The drafting of rookie running back Donald Brown gave the Colts added depth at running back, and made what is expected to be a solid running back competition a little more urgent for the participants.

With Joseph Addai the likely starter and Brown likely to contribute constantly, the trio of second-year running backs Mike Hart, Chad Simpson and Lance Ball — each of whom Colts personnel officials and coaches like — could be competing with each other for a final roster spot. The guess here is Hart has the edge, not only because he was a draft selection, but because the Colts loved the extra element he brought in terms of pass protection and receiving out of the backfield. The only question mark with Hart is he’s less than a year removed from an ACL injury, so he may not be at maximum effectivness this season, but he showed early last season he may be worth a year’s wait.

 

5) Mr. Personality.

Here’s hoping Pat McAfee continues to be honest and forthright.

Saw the former West Virginia punter in action in an interview situation on Friday. It has been said McAfee is a bit “out there” with some of his comments, but he’s a punter and if he can perform, the team won’t pull him in too much. He was intriguing Friday, talking about his one professional wrestling match, among other topics. He was engaging, confident and quick-witted, which is an intruiging, entertaining combination.

It’s not always a combination the Colts encourage, but if a guy can play and isn’t mean-spirited in his comments, there’s no harm in a little color.
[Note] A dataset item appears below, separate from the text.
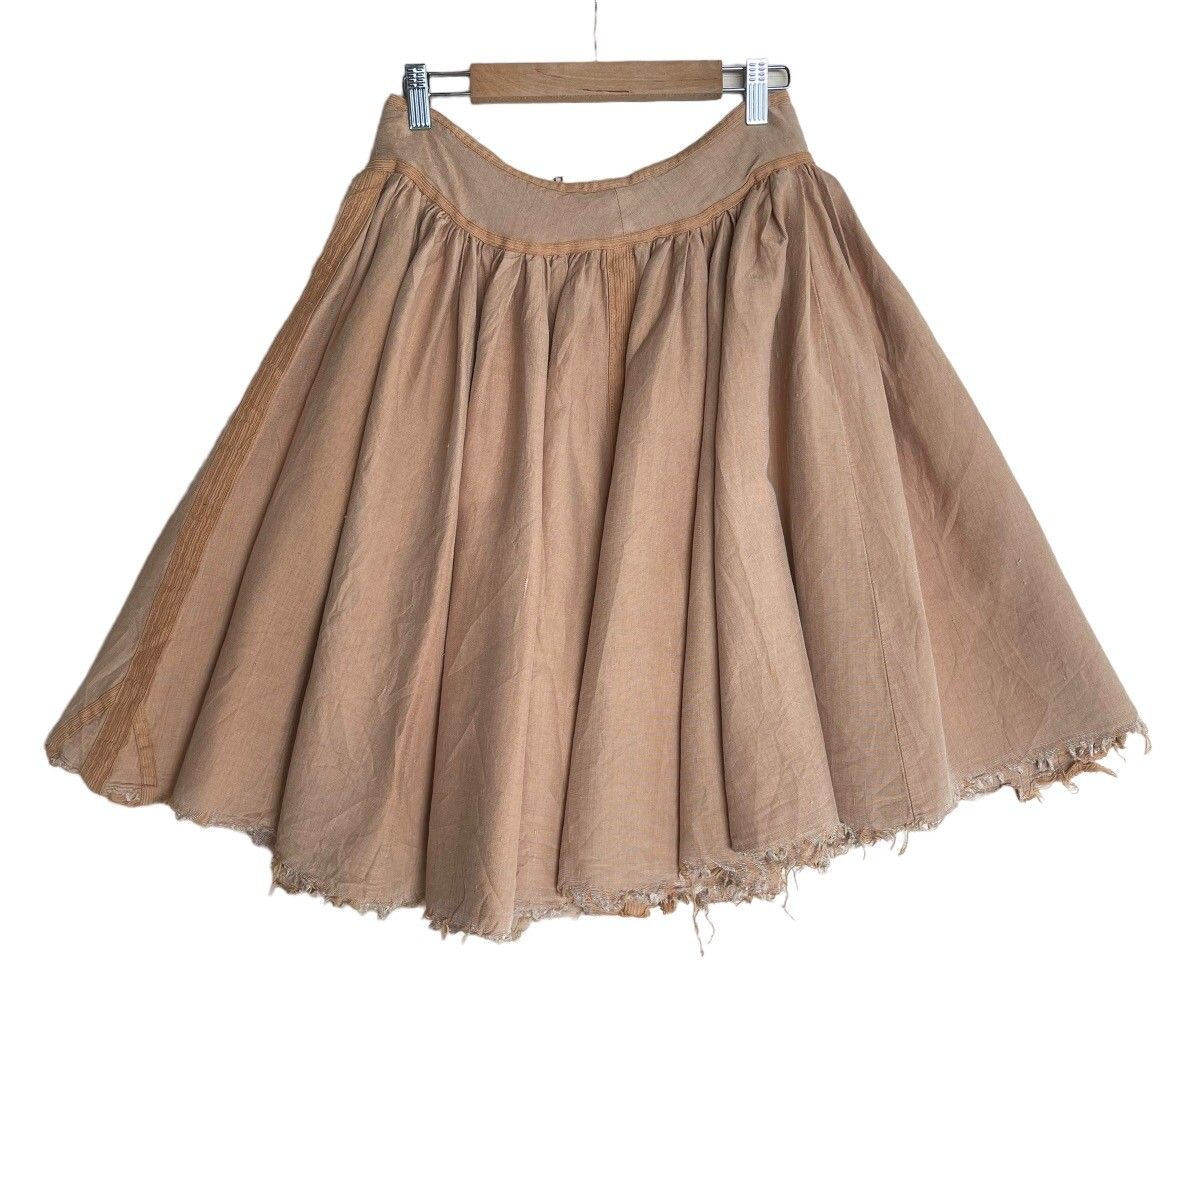 ⚡️QUICK SALE⚡️Dries Van Noten Distressed Skirt - 8

Former Colts kicker Mike Vanderjagt — with whom McAfee already has been lumped because of their West Virginia connections — crossed the mean-spirited line and created unnecessary headaches with his 2003 comments regarding Tony Dungy and Peyton Manning, but I’d say give McAfee the benefit of the doubt that he won’t seek that path. If he does, then compare him to Vanderjagt and worry about him being a distraction, but not yet,.